2024. 11. 11. 12:06ㆍMemorizing/Jetson
Jetson Nano에서 Libtorch를 사용하기 위한 과정을 복기
중요한 것은 Pytorch에서 Libtorch를 제공하는데, 그것은 x86-64 아키텍쳐 기준이므로 라즈베리파이, 젯슨과 같이 arm64 아키텍쳐인 경우 새롭게 빌드를 해주어야한다.
세부적인 과정은 Pytorch Official 페이지를 참고했다.
git clone -b v2.0.0 --recurse-submodule https://github.com/pytorch/pytorch.git
mkdir pytorch-build
cd pytorch-build
cmake -DBUILD_SHARED_LIBS:BOOL=ON -DCMAKE_BUILD_TYPE:STRING=Release -DPYTHON_EXECUTABLE:PATH=`which python3` -DCMAKE_INSTALL_PREFIX:PATH=../pytorch-install ../pytorch
cmake --build . --parallel 4 --target install
하지만, 이것을 진행하다보니.. pytorch, cmake 버전이 안 맞는다는 오류가 발생했다.

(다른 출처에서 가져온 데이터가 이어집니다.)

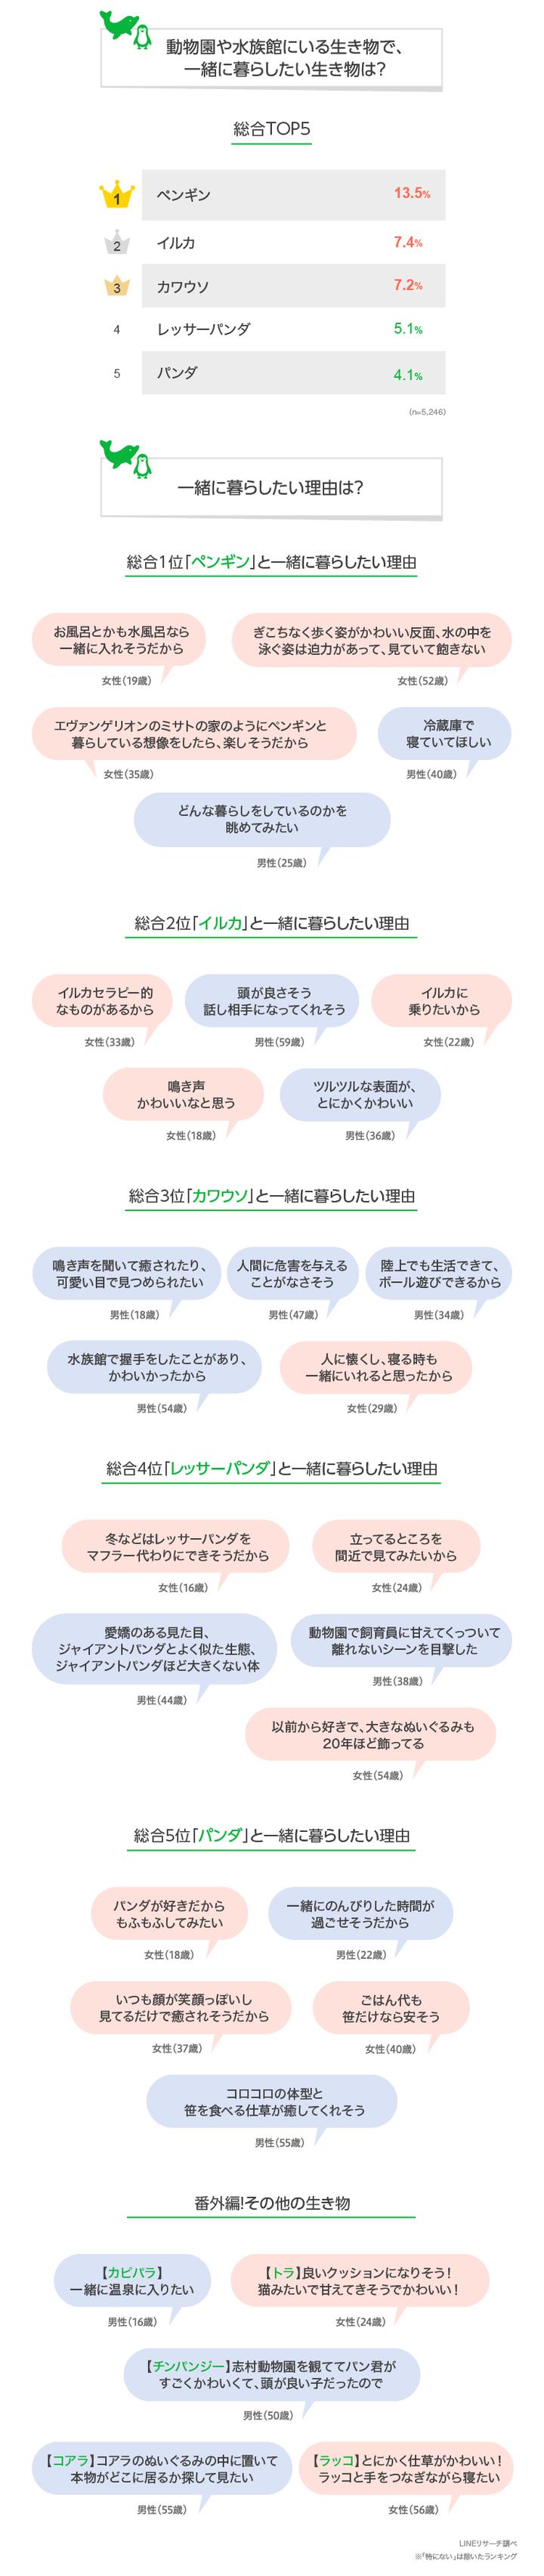 graph_1 (4)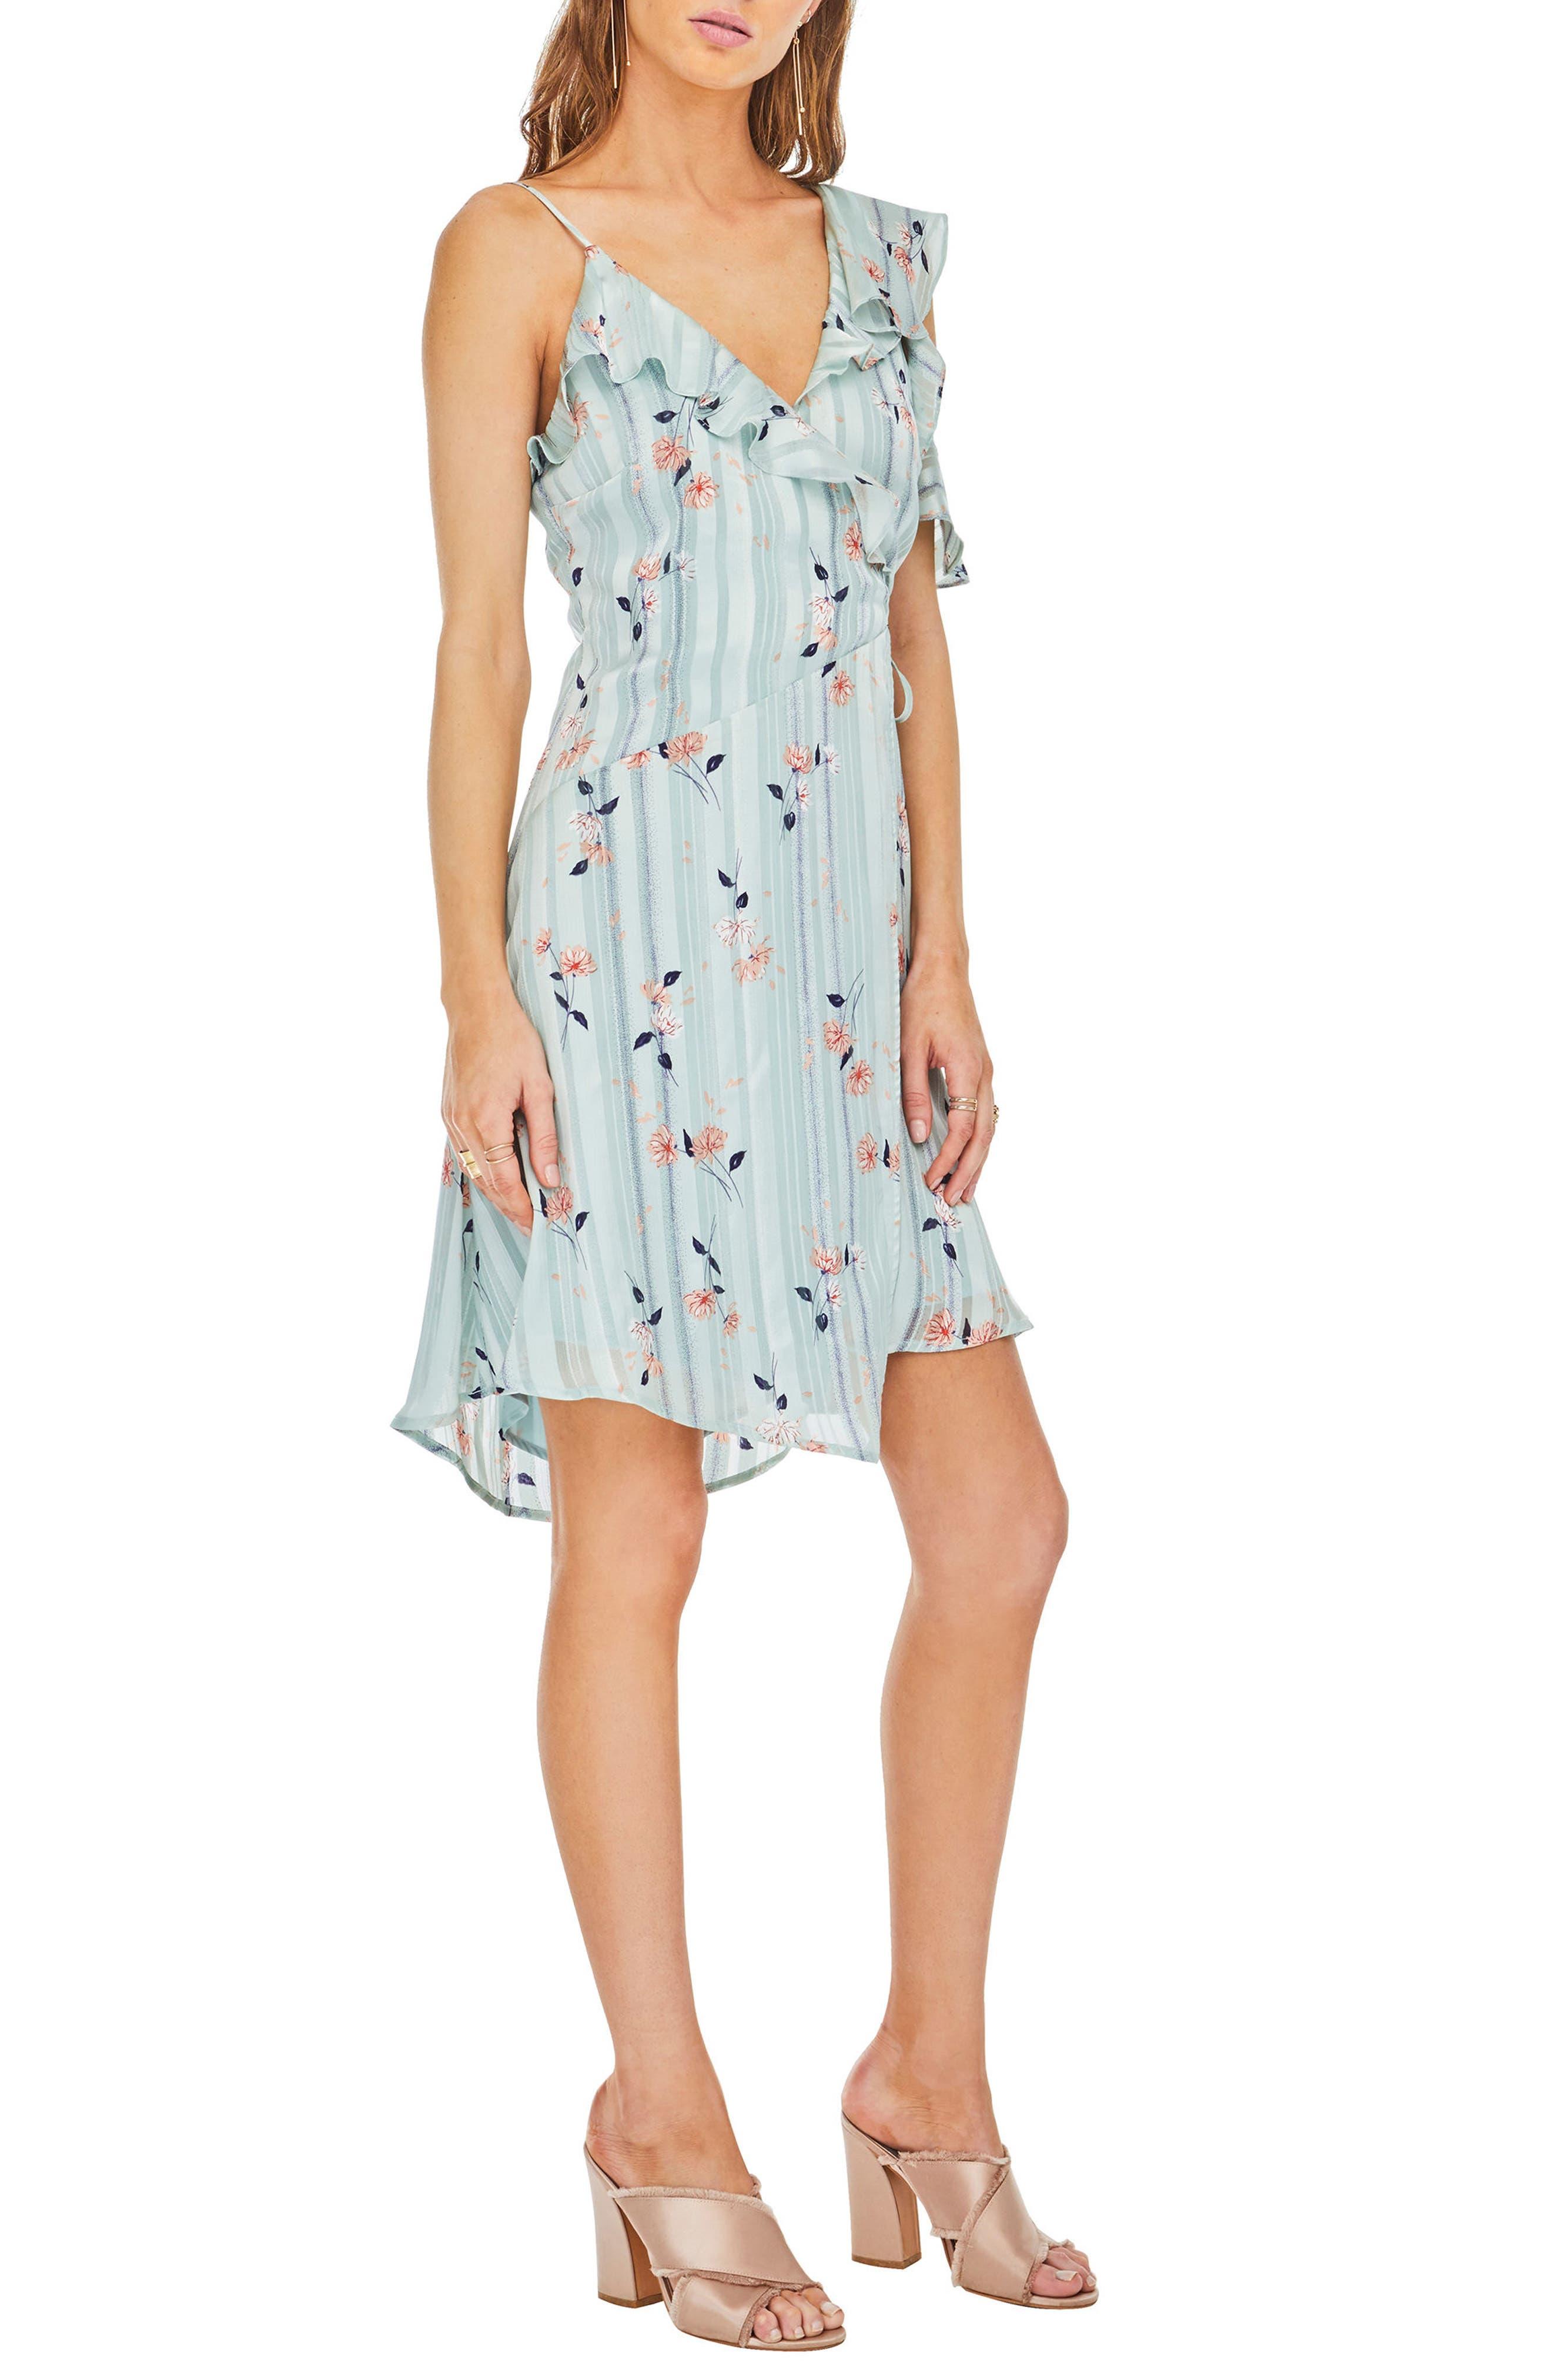 Josie Ruffle Dress,                             Alternate thumbnail 3, color,                             Mint Satin Floral

현재 jetpack에 있는 cuda 버전과 pytorch 버전을 잘 맞추어줘야한다. 나 같은 경우 jetpack이 4.6이라 cuda 10.2 pytorch 1.8로 맞췄다.
젯슨 나노 cuda 10.2 기준으로 cmake를 3.18 버전 이상으로 만들어주어야한다. 따라서 새롭게 설치해서 다시 빌드해주어야했음..
cd ~
wget https://github.com/Kitware/CMake/releases/download/v3.18.0/cmake-3.18.0.tar.gz
tar -zxvf cmake-3.18.0.tar.gz
cd cmake-3.18.0/
./bootstrap -- -DCMAKE_USE_OPENSSL=OFF
make
sudo make install
나는 위의 과정에서 openssl이 설치 안되어 있어서 오류가 발생했는데, 그것을 없애기 위해 DCMAKE_USE_OPENSSL=OFF 옵션을 주었다.
이 과정에서 아래의 에러가 계속 발생하였다..
[ 83%] Building NVCC (Device) object caffe2/CMakeFiles/torch_cuda.dir/__/aten/src/ATen/native/cuda/torch_cuda_generated_BinaryMulDivKernel.cu.o
/usr/include/c++/7/cmath: In static member function ‘static scalar_t at::native::div_floor_kernel_cuda(at::TensorIterator&)::<lambda()>::<lambda()>::<lambda(scalar_t, scalar_t)>::_FUN(scalar_t, scalar_t)’:
/usr/include/c++/7/cmath:1302:38: internal compiler error: Segmentation fault
{ return __builtin_copysignf(__x, __y); }
^
Please submit a full bug report,
with preprocessed source if appropriate.
See <file:///usr/share/doc/gcc-7/README.Bugs> for instructions.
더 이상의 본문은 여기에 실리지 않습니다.